To solve for [tex]\( P(A \text{ or } B) \)[/tex], which refers to the probability that a randomly chosen student likes either pepperoni or olives (or both), we use the formula from probability theory:
[tex]\[ P(A \text{ or } B) = P(A) + P(B) - P(A \text{ and } B) \][/tex]
Given:
- [tex]\( P(A) = \frac{2}{3} \)[/tex], which is the probability that a student likes pepperoni.
- [tex]\( P(B) = \frac{1}{6} \)[/tex], which is the probability that a student likes olives.
We also need to consider the probability that a student likes both pepperoni and olives, [tex]\( P(A \text{ and } B) \)[/tex]. Since it is not provided, we assume this probability to be negligible (or zero) in our calculations:
[tex]\[ P(A \text{ or } B) = P(A) + P(B) \][/tex]
Now, substituting the values:
[tex]\[ P(A \text{ or } B) = \frac{2}{3} + \frac{1}{6} \][/tex]
To add these fractions, we need a common denominator.

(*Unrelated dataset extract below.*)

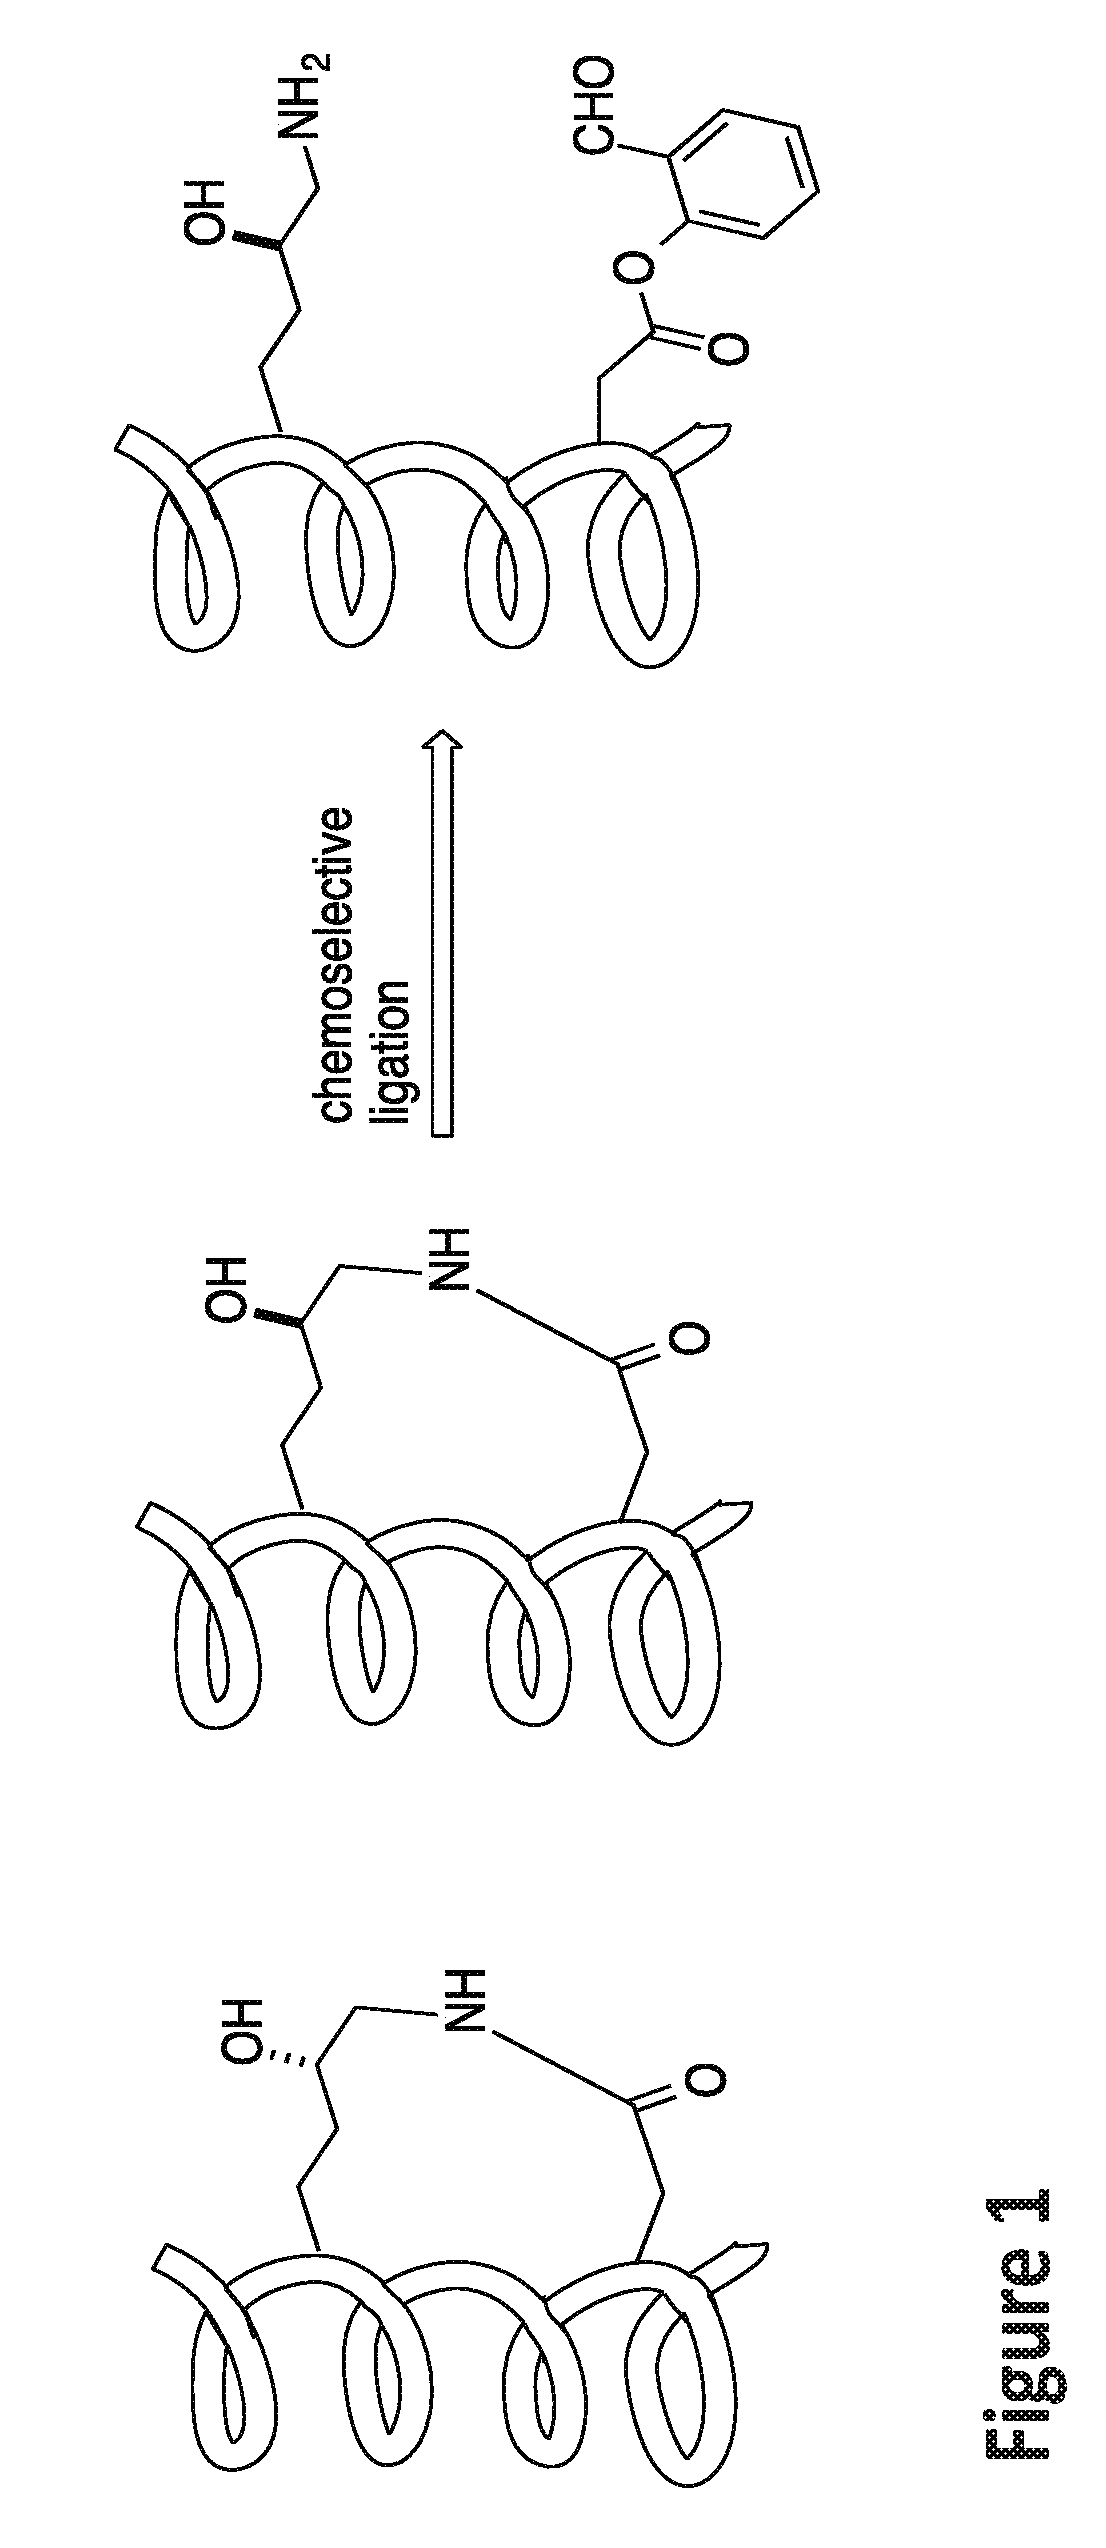 Stapled helical peptides and methods of synthesis

The common denominator is 6:
[tex]\[ \frac{2}{3} = \frac{4}{6} \][/tex]
So,
[tex]\[ P(A \text{ or } B) = \frac{4}{6} + \frac{1}{6} = \frac{5}{6} \][/tex]
Converting [tex]\(\frac{5}{6}\)[/tex] to decimal gives approximately [tex]\(0.8333\)[/tex], which matches our calculated value.
Thus, the answer is not directly one of the options given in your list. If we consider [tex]\( \frac{5}{6} \)[/tex] in its numerical form (or approximately [tex]\(0.83\)[/tex]), the closest option would be the one closest to this value.
However, based on our given options, it seems there's a mistake or rounding issue, so none of the options completely match [tex]\(\frac{5}{6}\)[/tex]. If we were to correct this issue, we should select the closest fraction from standard options, which here are incorrectly suited. Therefore, with correct interpretation, the answer should ideally be [tex]\(\frac{5}{6}\)[/tex].